The XML is not produced by myself, I get it as a response from a web service and I am positive that "stratégie" is included in it as "stratégie".
In the parser, I have:
public List<Item> GetItems(InputStream stream) {
try {
DocumentBuilderFactory dbf = DocumentBuilderFactory.newInstance();
DocumentBuilder db = dbf.newDocumentBuilder();
Document doc = db.parse(stream);
doc.getDocumentElement().normalize();
NodeList nodeLst = doc.getElementsByTagName("item");
List<Item> items = new ArrayList<Item>();
Item currentItem = new Item();
Node node = nodeLst.item(0);
if (node.getNodeType() == Node.ELEMENT_NODE) {
Element item = (Element) node;
if(node.getChildNodes().getLength()==0){
return null;
}
NodeList title = item.getElementsByTagName("title");
Element titleElmnt = (Element) title.item(0);
if (null != titleElmnt)
currentItem.setTitle(titleElmnt.getChildNodes().item(0).getNodeValue());
....
Using the debugger, I can see that titleElmnt.getChildNodes().item(0).getNodeValue() is "stratgie" (without the é).
Thank you for your help.
I strongly suspect that either you're parsing it incorrectly or (rather more likely) it's just not being displayed properly. You haven't really told us anything about the code or how you're using the result, which makes it hard to give very concrete advice.

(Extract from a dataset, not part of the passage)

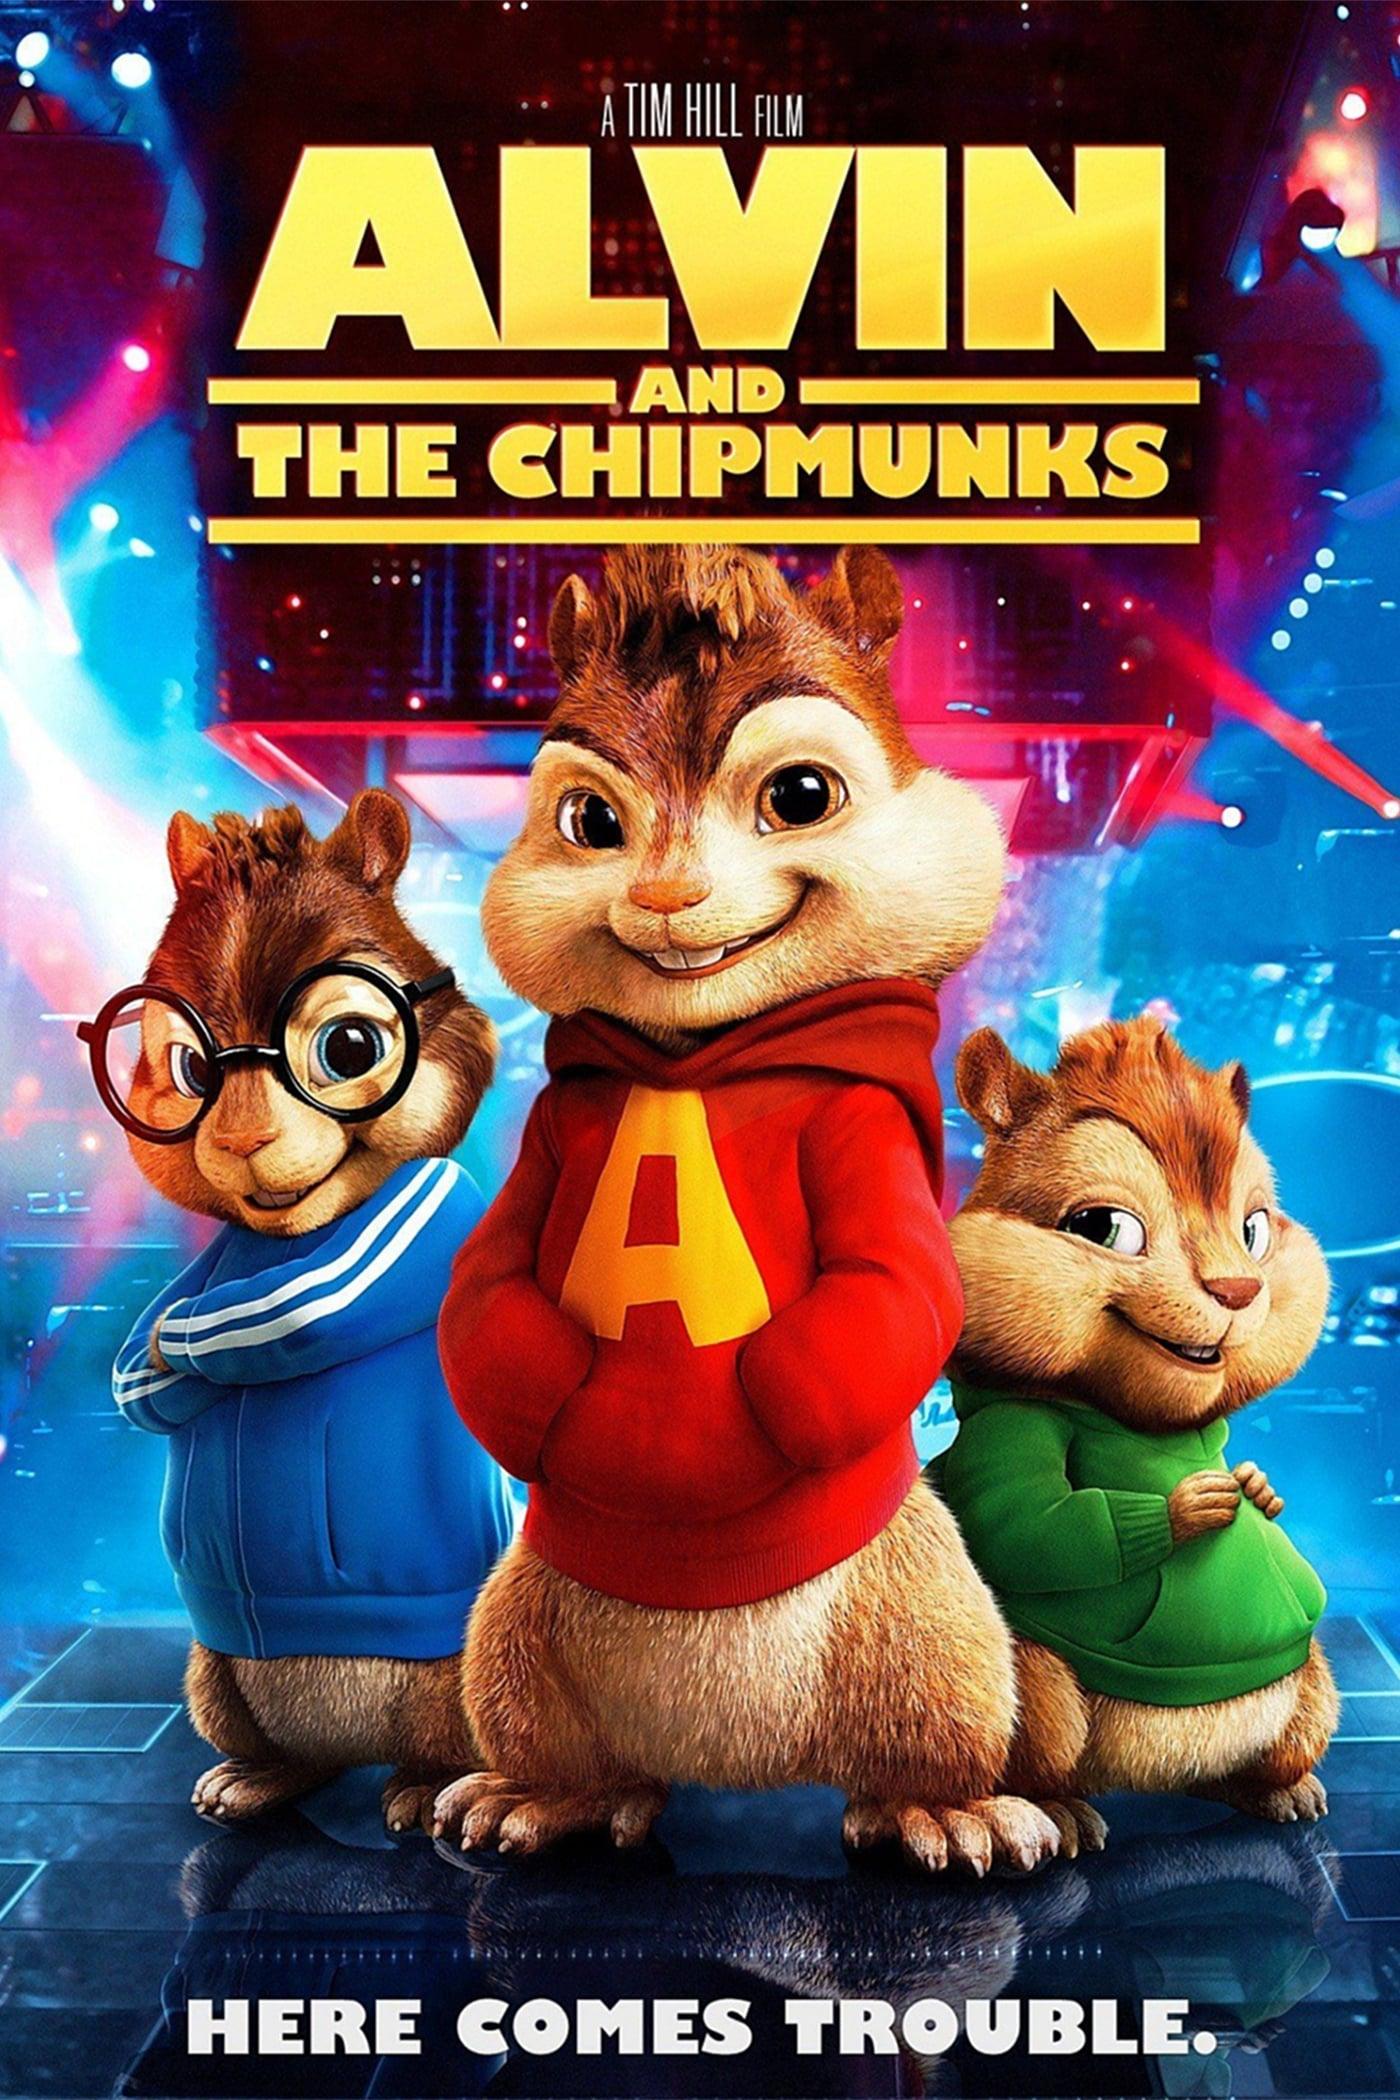 alvin and the chipmunks 2007 � moviesfilmcinecom

As ever with encoding issues, the first thing to do is work out exactly where data is getting lost. Lots of logging tends to be the way forward: create a small test case that demonstrates the problem (as small as you can get away with) and log everything about the data. Don't just try to log it as raw text: log the Unicode value of each character. That way your log will have all the information even if there are problems with the font or encoding you use to view the log.

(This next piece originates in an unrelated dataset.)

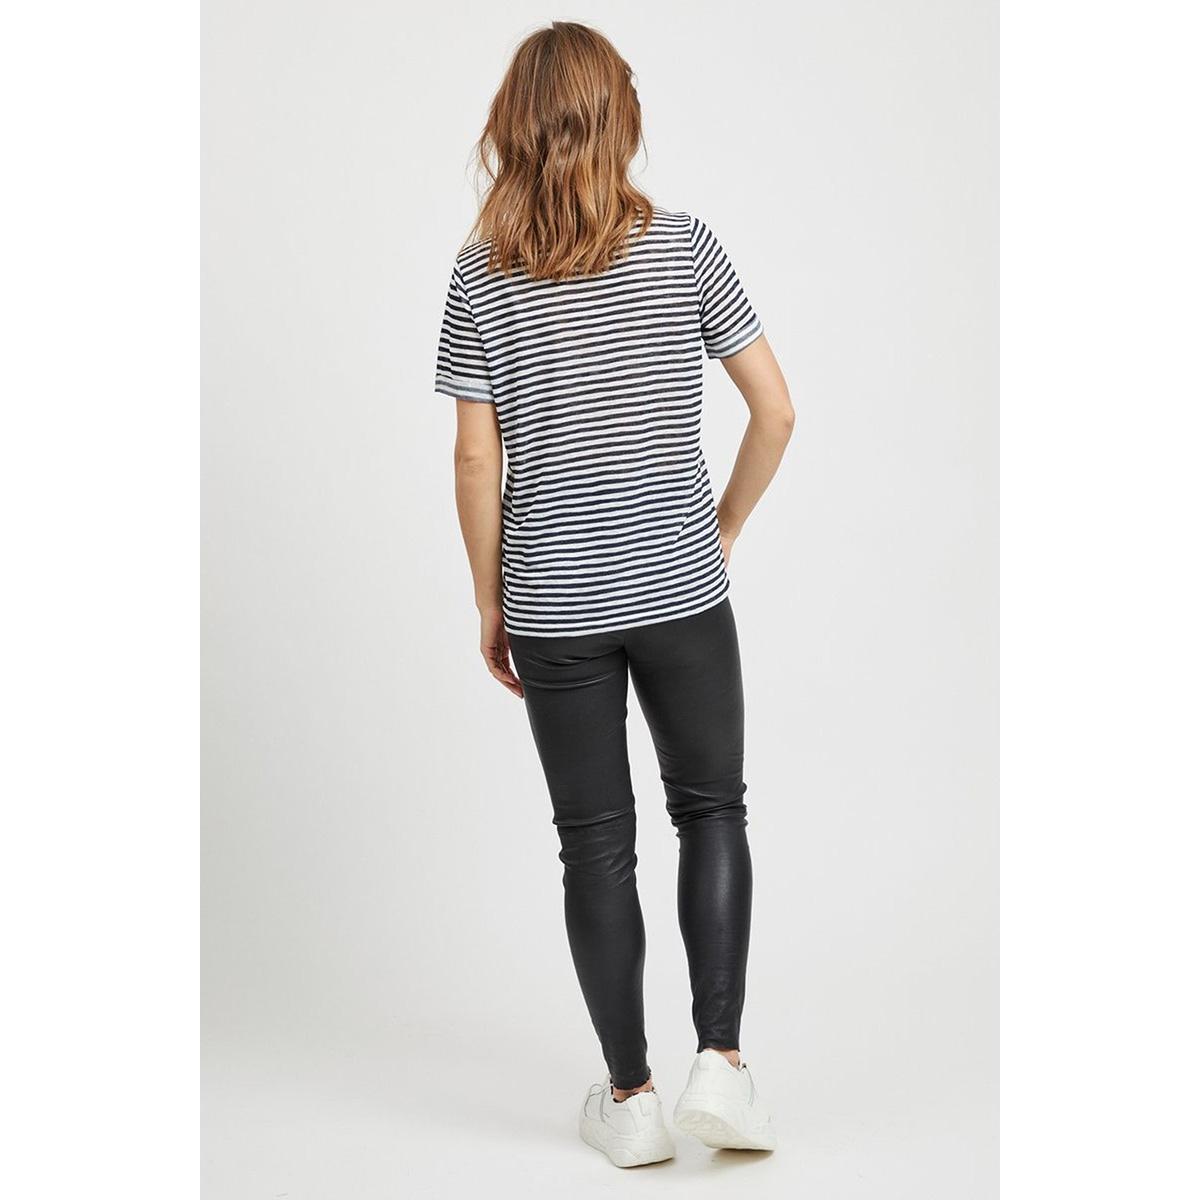 objtessi slub s/s v-neck noos 23023816 object t-shirt sky captain/white stripes

The answer was here: http://www.yagudaev.com/programming/java/7-jsp-escaping-html
You can either use utf-8 and have the 'é' char in your document instead of é, or you need to have a parser that understand this entity which exists in HTML and XHTML and maybe other XML dialects but not in pure XML : in pure XML there's "only" ", <, > and maybe ' I don't remember.
Maybe you can need to specify those special-char entities in your DTD or XML Schema (I don't know which one you use) and tell your parser about it.